Re: Prometheus Alerts for Ceph: Reference Rules

Jan Fajerski <jan.fajerski@xxxxxxxx> · Thu, 11 Apr 2019 13:02:01 +0200

On Thu, Apr 11, 2019 at 12:51:34PM +0200, Boris Ranto wrote:
Hey all,

if we want to have a set of rules in the official Ceph repo then I
would recommend merging all the alerting rules and letting the
products decide on what alerts do they want to mute.
+1

My reasoning here is that afaik, you can configure AlertManager (even
remotely) to silence certain alerts but you can't configure Prometheus
remotely to include new alerting rules.
One solution is to configure the prometheus config variable rule_files with an 
appropriate file glob (say /etc/prometheus/rules/*). Then a user can simply drop 
a rules file in that location and voila.

Regards,
Boris

On Thu, Apr 11, 2019 at 12:20 PM Ernesto Puerta <epuertat@xxxxxxxxxx> wrote:

Hi Cephers,

With Nautilus release Ceph-dashoard now can display Prometheus alerts as pop-up notifications (aka toasts). [1]

As we did similarly for Grafana, there was a proposal to provide a reference alert rule file, [2] but not action has been taken since a while ago, so I'd want to refresh this discussion.

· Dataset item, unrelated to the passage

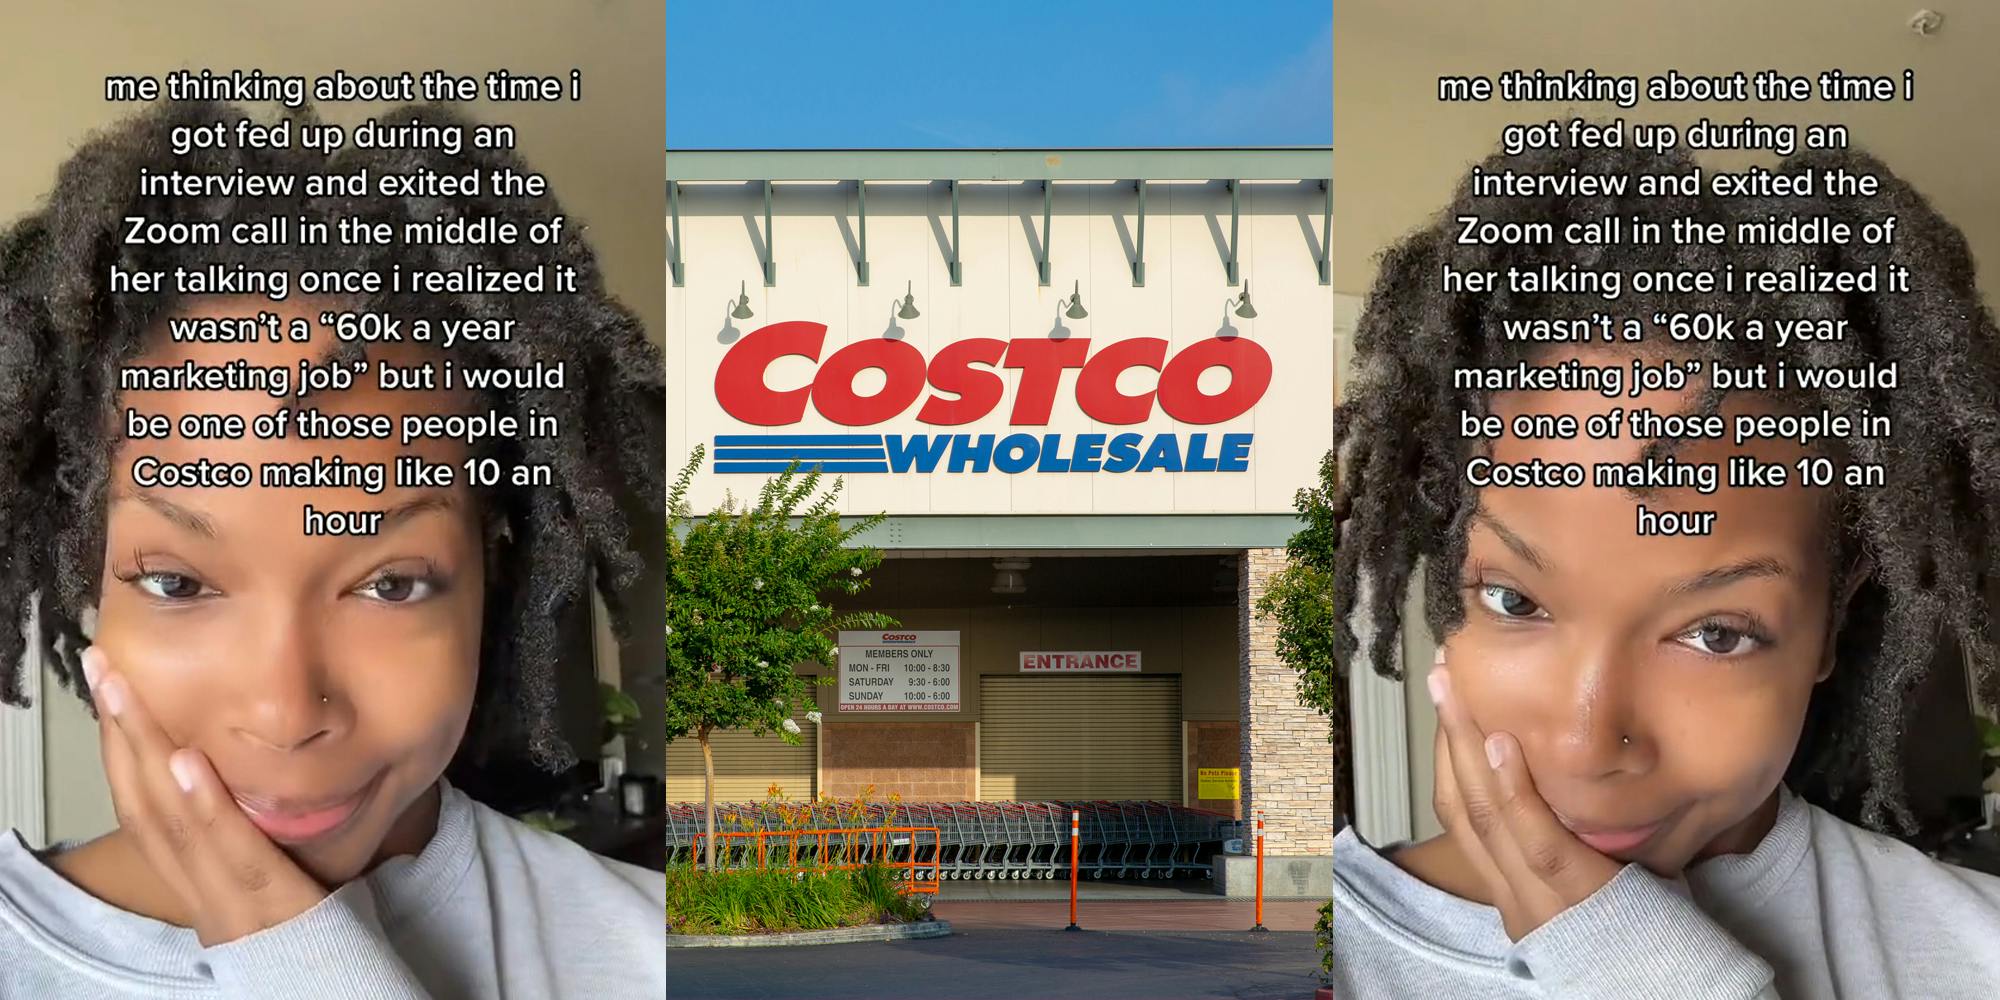 job hunter with caption "me thinking about the time I got fed up during an interview and excited the Zoom call in the middle of her talking once I realized it wasn't a "60k a year marketing job" but I would be one of those people in Costco making like 10 an hour" (l) Costco building entrance with sign (c) job hunter with caption "me thinking about the time I got fed up during an interview and excited the Zoom call in the middle of her talking once I realized it wasn't a "60k a year marketing job" but I would be one of those people in Costco making like 10 an hour" (r)

With the help of Jan and Boris, I've got the following sources:

- DeepSea [3]
- Ceph-Ansible [4]
- Ceph-mixins (Jsonnet) [5]

The three of them share some common alerts (health, OSD o Mons down, network drops/errors), but each one brings its own (and IMHO worthy) alerts:

- DeepSea: alerts based on predicted filling rates (both for pool and disk).
- CephAnsible: slow OSD response, host loss check.

This is the complete list:

[common]
- Ceph Health: Warning/Error
- OSDs Down
- Mon down/quorum
- Disks/OSDs near full
- Network errors/drops
- PG checks: inactive/unclean/stuck
- PG count: high pg count deviation/OSD(s) with High PG Count
- Pool capacity

[deepsea]
- 10% OSDs down
- flap osd
- root volume full
- storage filling up
- pool filling up

[ceph-ansible]
- OSD Host(s) Down
- OSD Host Loss Check
- Slow OSD Responses
- Cluster Capacity Low

My specific questions:
- Anyone else currently undertaking this?
- Any objections to have this reference set in ceph repo (monitoring/prometheus) or alternative proposals?
- Any relevant alert missing there?

Any other feedback will also be appreciated!

Kind Regards,
Ernesto

[1]: http://docs.ceph.com/docs/nautilus/mgr/dashboard/#enabling-prometheus-alerting
[2]: https://tracker.ceph.com/issues/24977
[3]: https://github.com/SUSE/DeepSea/blob/SES5/srv/salt/ceph/monitoring/prometheus/files/ses_default_alerts.yml
[4]: https://github.com/ceph/ceph-ansible/blob/wip-dashboard/roles/ceph-prometheus/files/ceph_dashboard.yml
[5]: https://github.com/ceph/ceph-mixins/tree/master/alerts

--
Jan Fajerski
Engineer Enterprise Storage
SUSE Linux GmbH, GF: Felix Imendörffer, Mary Higgins, Sri Rasiah
HRB 21284 (AG Nürnberg)